Trash 2 Cash, Silence Shirts presented at INTERSECTIONS 2017

Trash 2 Cash’s Becky Earley (UAL) and Rosie Hornbuckle (UAL) presented the Silence Shirts project - a collaborative research methodology experiment undertaken during T2C workshops - at the INTERSECTIONS 2017 conference exploring collaboration in textile design research.

The Silence Shirts project demonstrates how the activities of silent meditation and portraiture were employed as effective tools in the establishment and development of the relationships between the designers, scientists and industry participants collaborating on the T2C research project.

Silence Shirts aimed to navigate issues that can be barriers to effective collaboration, such as language, culture and competence, by establishing a shared ‘baseline experience’ as a foundation from which the collaborations could be fostered.

The conference paper - titled ‘A meditation on the faces of circular textile research’ - presented the three experiments conducted to provoke new insights into the roles, knowledge and expertise of the members of the group resulting in the project’s first co-created garment, the Silence Shirt, featuring a print design by Professor Earley created from the portraits painted by members of the project team.

Organised by the Textile Design Research Group at Loughborough University and held at the University’s London campus on 13 September 2017, the one-day conference examined case studies that reveal unusual connections and cross- or interdisciplinary collaborations in research in the fields of textile and textile design.

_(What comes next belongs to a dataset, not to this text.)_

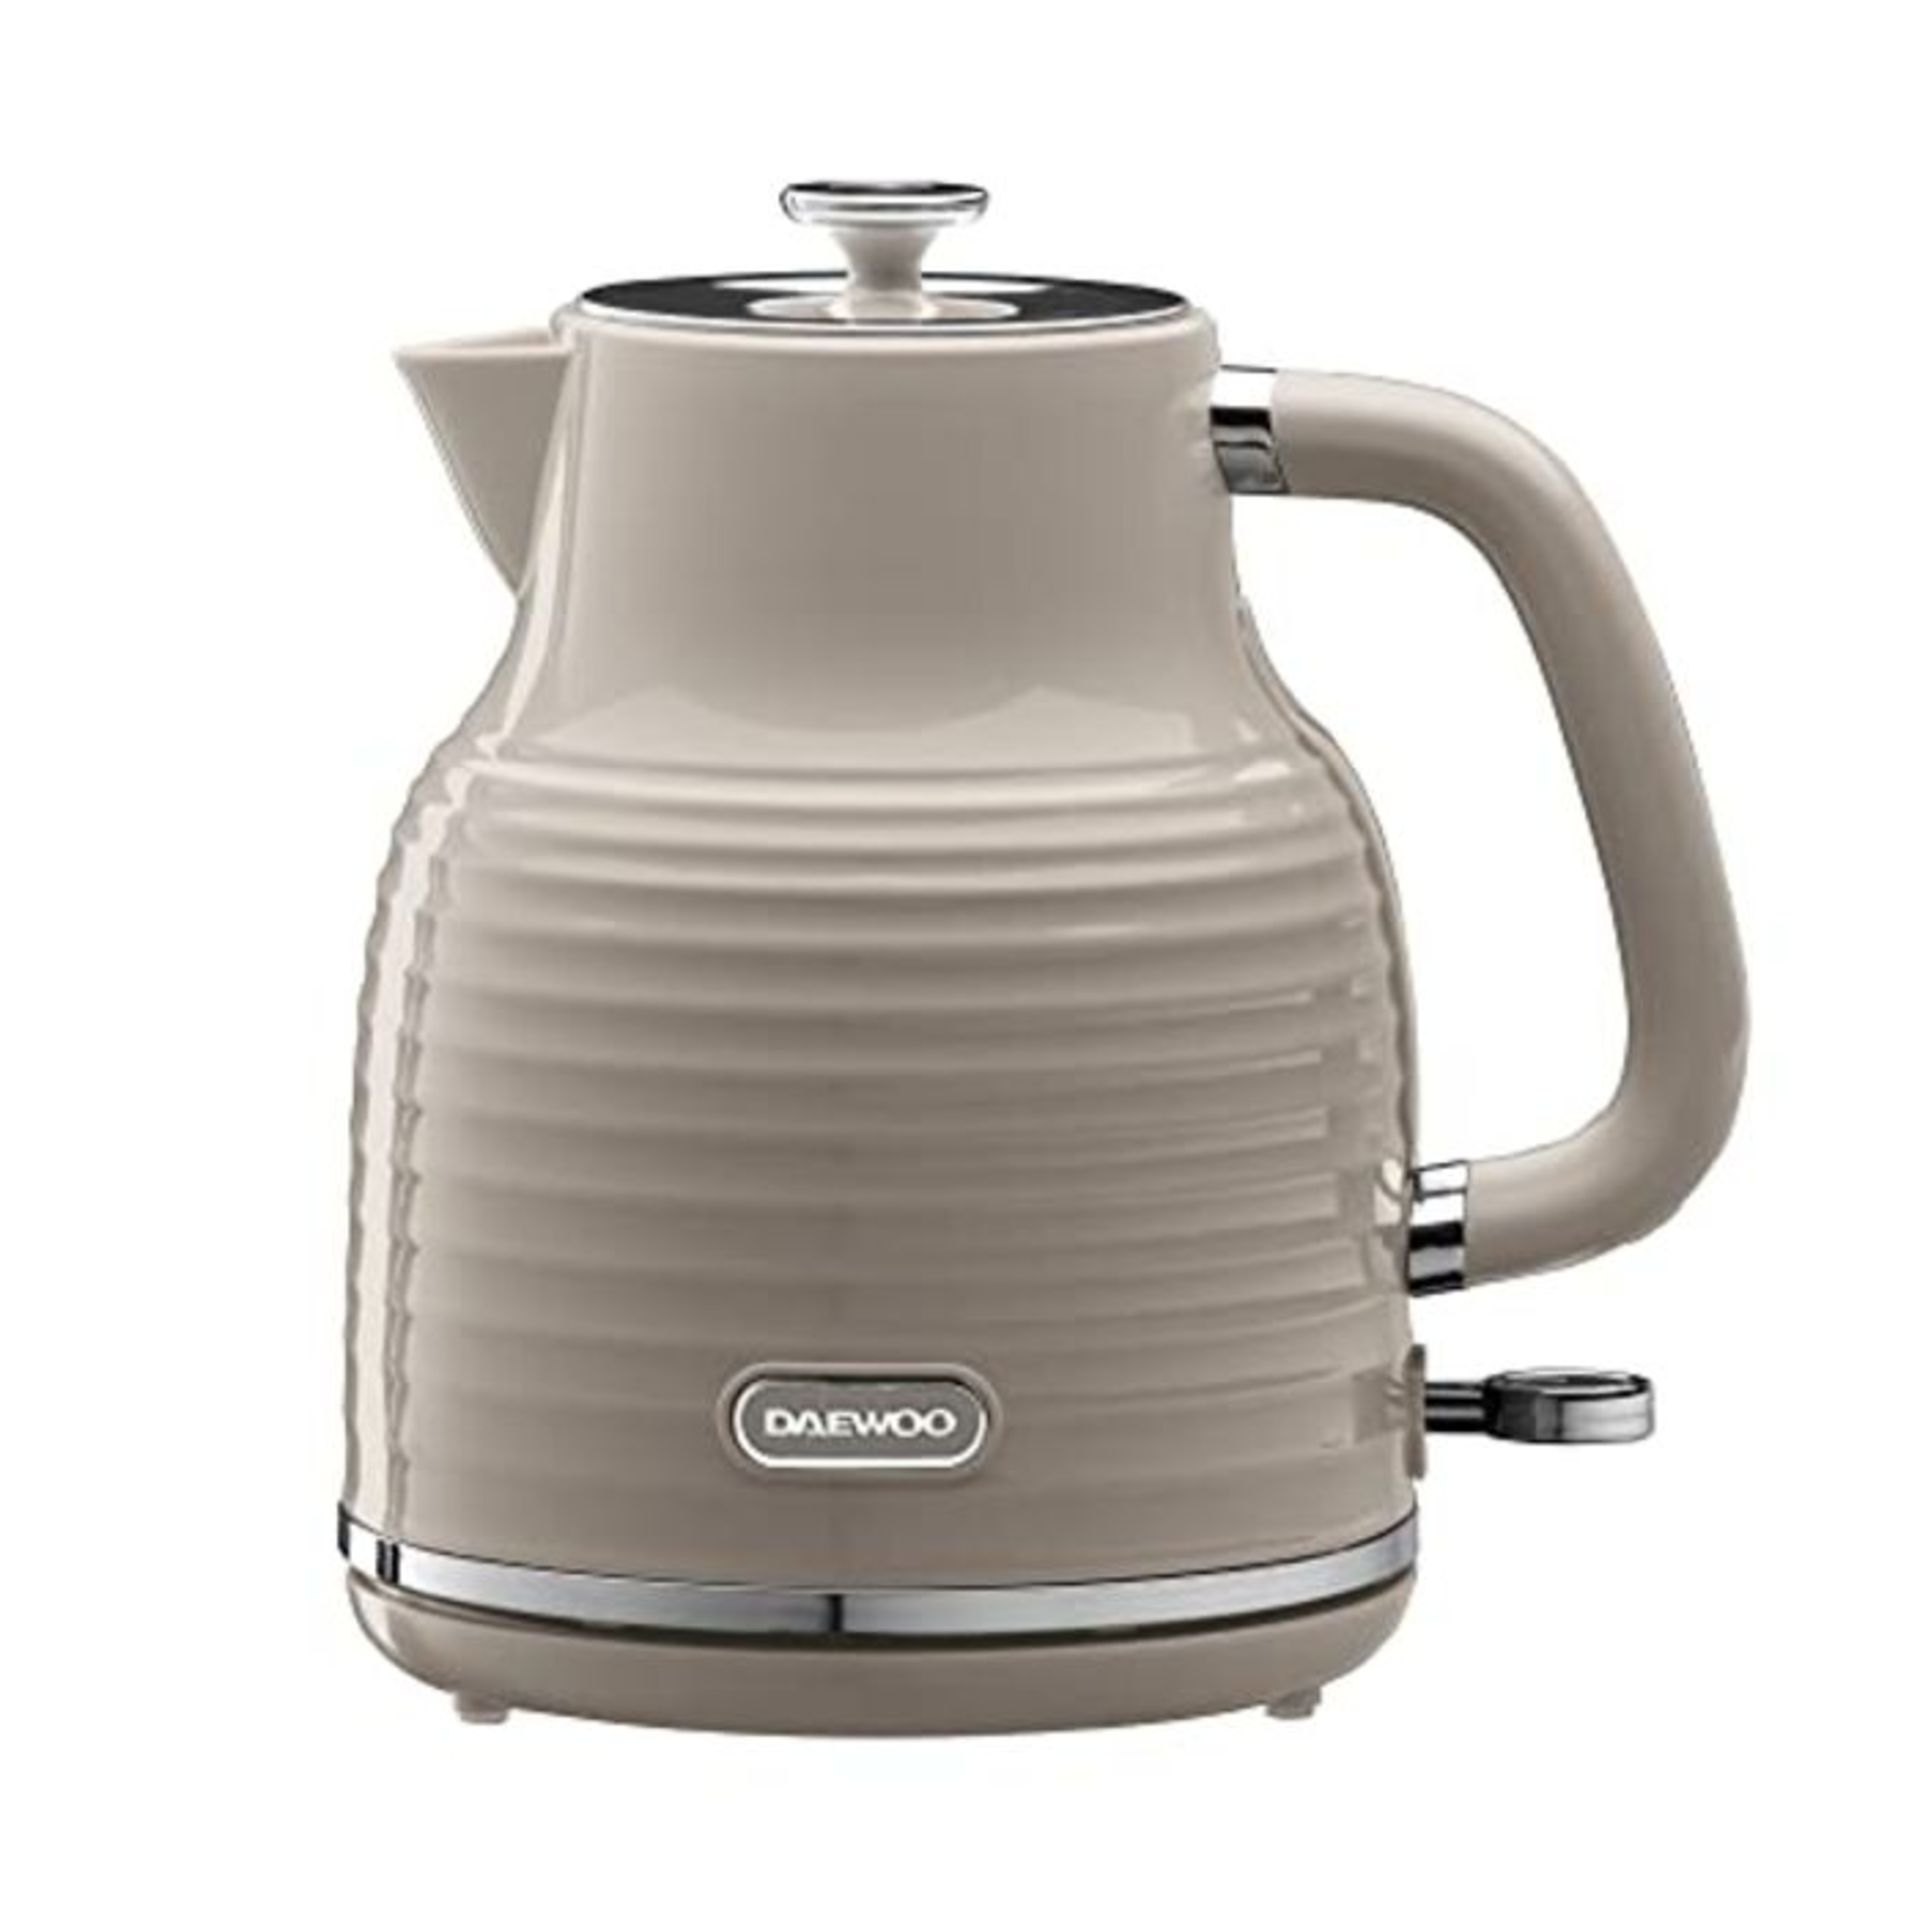 Daewoo Sienna Collection Jug Kettle, Family Sized 1.7 Litre Capacity, Fast Boil, Easy

The conference was accompanied by an exhibition of the work that emerged through the collaborations, including the Silence Shirt.

The Silence Shirt was also featured in the 2017 Biennial of Design in Ljubljana - BIO25 - as part of the ninth edition of Shirtings, a socially responsive initiative that offers unique shirts by Slovenian and London-based designers as ‘social-objects’ to be the 'responsibility' of a user for 10 days before being passed on to the next participant.